“When you hurt people, they begin to love you a little less. That’s what careless words do, they make people love you a little less.”
The God of Small things -Arundhati Roy
“When you hurt people, they begin to love you a little less. That’s what careless words do, they make people love you a little less.”
The God of Small things -Arundhati Roy

One of the greater pleasures in life are the small yet beautiful encounters had by one another; the impact that each individual can bestow upon each other is a powerful one indeed. Introduced to me last summer through the charming William Buckley, Rosa Kaftan is a divine combination of beauty, Kurdish panache, and English charm who has made quite an impact both as a friend and co-worker. Shortly after meeting our friendship became long distance and our few months apart felt more like several, long cold winters. However, in February she made her return to New York and came bearing a thoughtful gift, her favorite read The God of Small Things. Beautifully quailed by Indian author Arundhati Roy, the Man Booker Prize winning novel tells a breathtakingly bitter sweet tale.
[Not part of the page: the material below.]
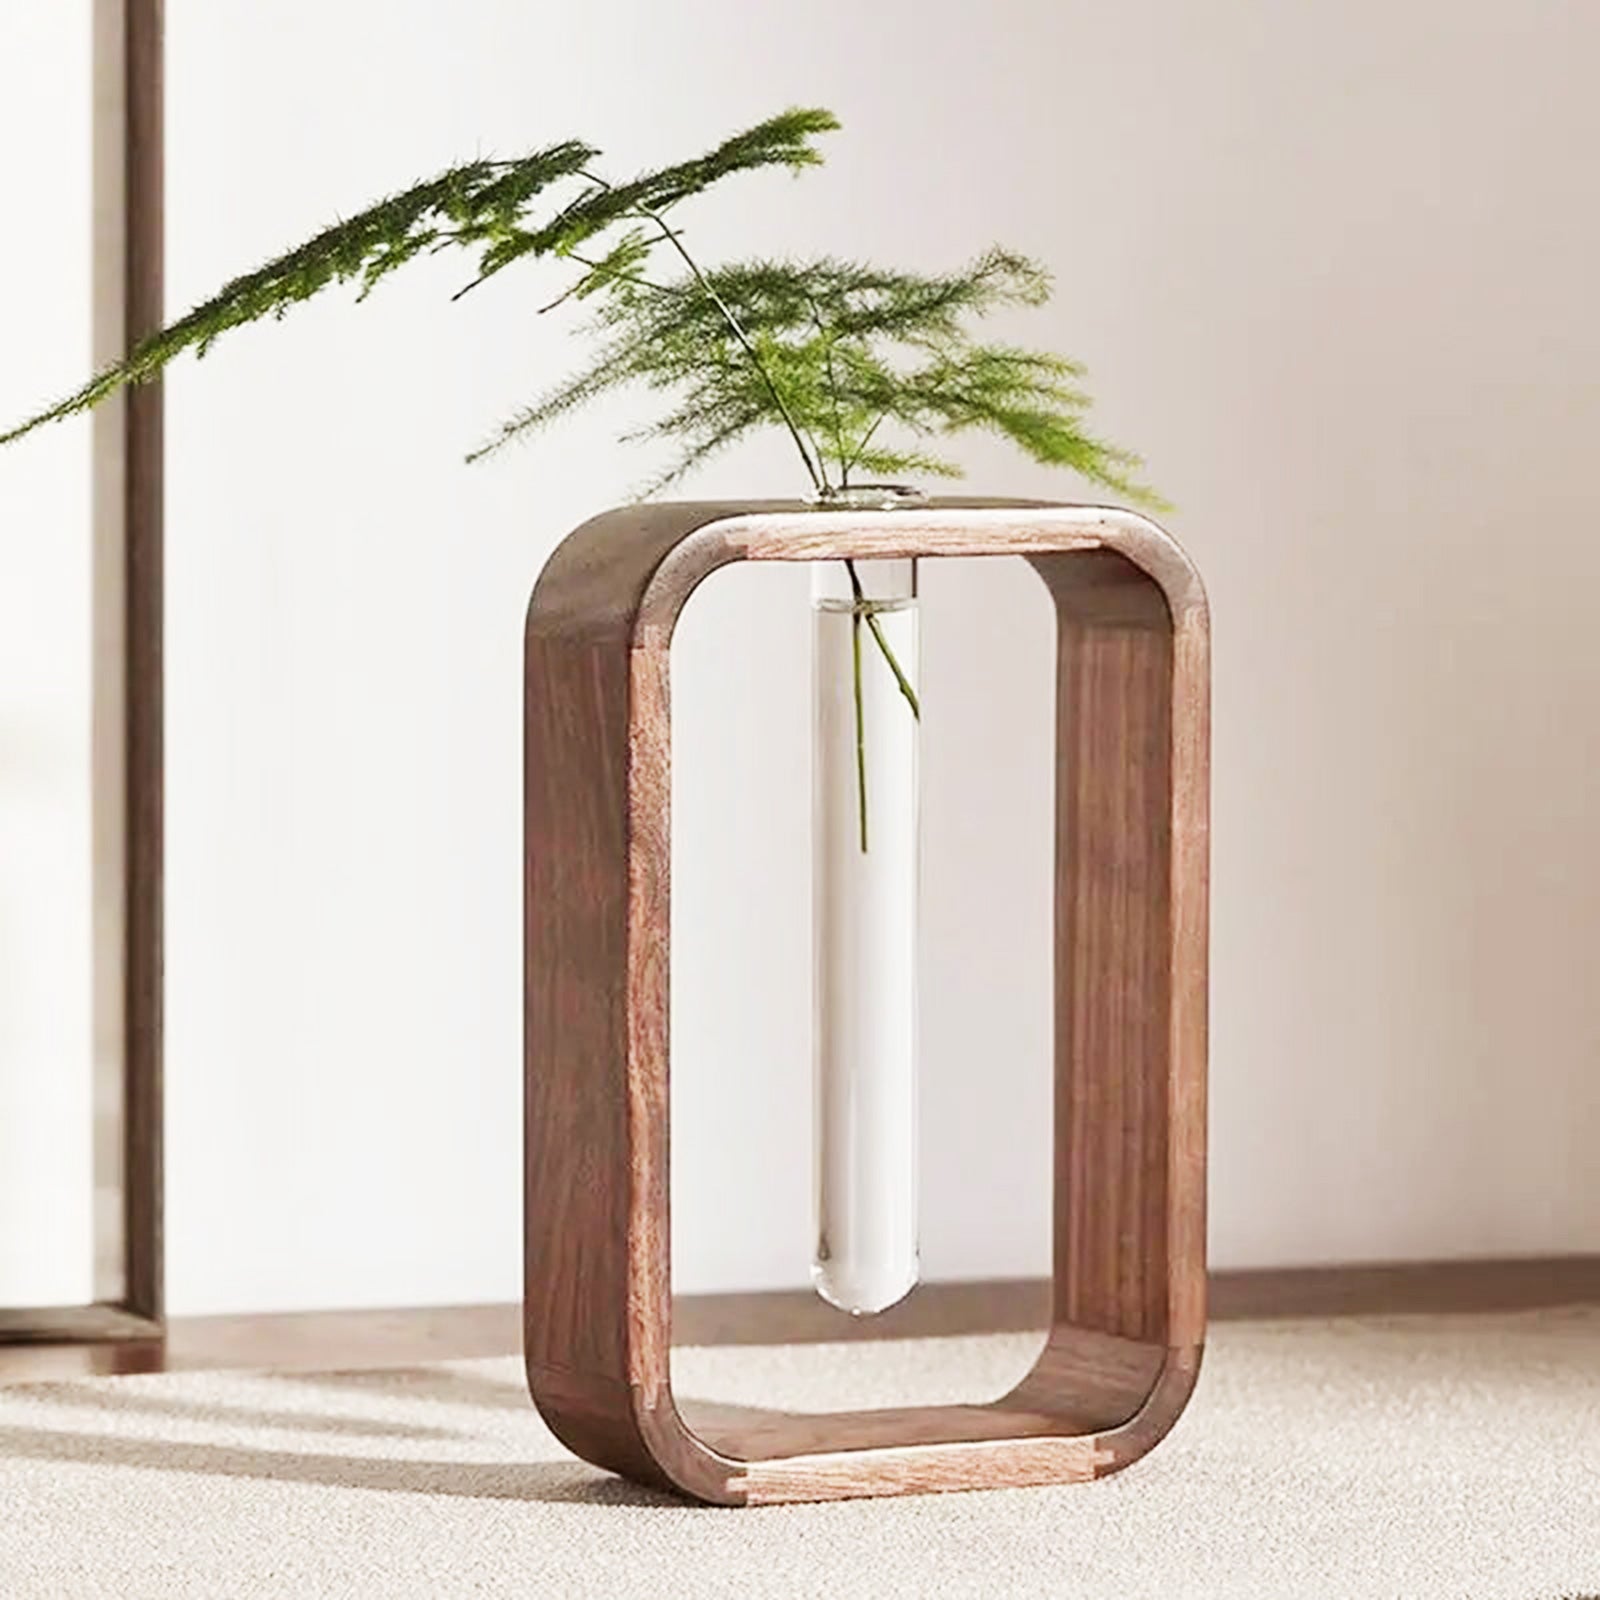 Hydroponics Elegant Nordic-style wooden Vase with Glass Test Tube

Set in Ayemenem pronounced ‘Aymanam’ now part of Kottayam in the Kerala state of India, The God of Small Things is the story of two fraternal twins, Rahel and Estha and the poignant experiences they encounter told non linearly by way of time. Amid Roy’s poetic prose, is the hauntingly dark history of Ammu Ipe, mother to the twins, a battered divorcé raised in a troubled home who carries a heavy hearted past which inflicts upon her children’s up bringing.
While Rahel & Esta like many twins share almost everything; a passion for ‘The sound of music’, answering as one, and a dark secret that can seal there father’s fate. The narrative is colored by the characters of Baby Kochamma and Chakko which balances the grim betrayals of Pappachi and Velutha between Ammu’s immediate family.The purposely dark yet extravagant piece of literature conveys the little things that effect an individual’s life while touching on communism, the caste system, and the Keralite Syrian Christian way of life.
Fancying ourselves ‘The same yet different’, Rosa and I were both drawn to a particular exchange between Ammu and her daughter Rahel as she asks “D’ you know know what happens when you hurt people?” the frightened daughter Rahel replies in the smallest voice “What?” and her mother’s chilling response “When you hurt people, they begin to love you a little less. That’s what careless words do, they make people love you a little less.” Unsettling in every way, it’s needless to say the exchange between Ammu and her daughter will haunt our use of words forever.
I strongly suggest picking up a copy of Roy’s debut novel and as the book itself reads “It didn’t matter that the story had begun, because Kathakali discovered long ago that the secret of the Great Stories is that they have no secrets. The Great Stories are the ones you have heard and want to hear again. The ones you can enter anywhere and inhabit comfortably. They don’t deceive you with thrills and trick endings.” I think it is very safe to say, it is no secret that The God of Small Things is one such Great Story.
-R & RK
P.S. Thank you Rosie Cheeks it’s truly an honor to call you a friend.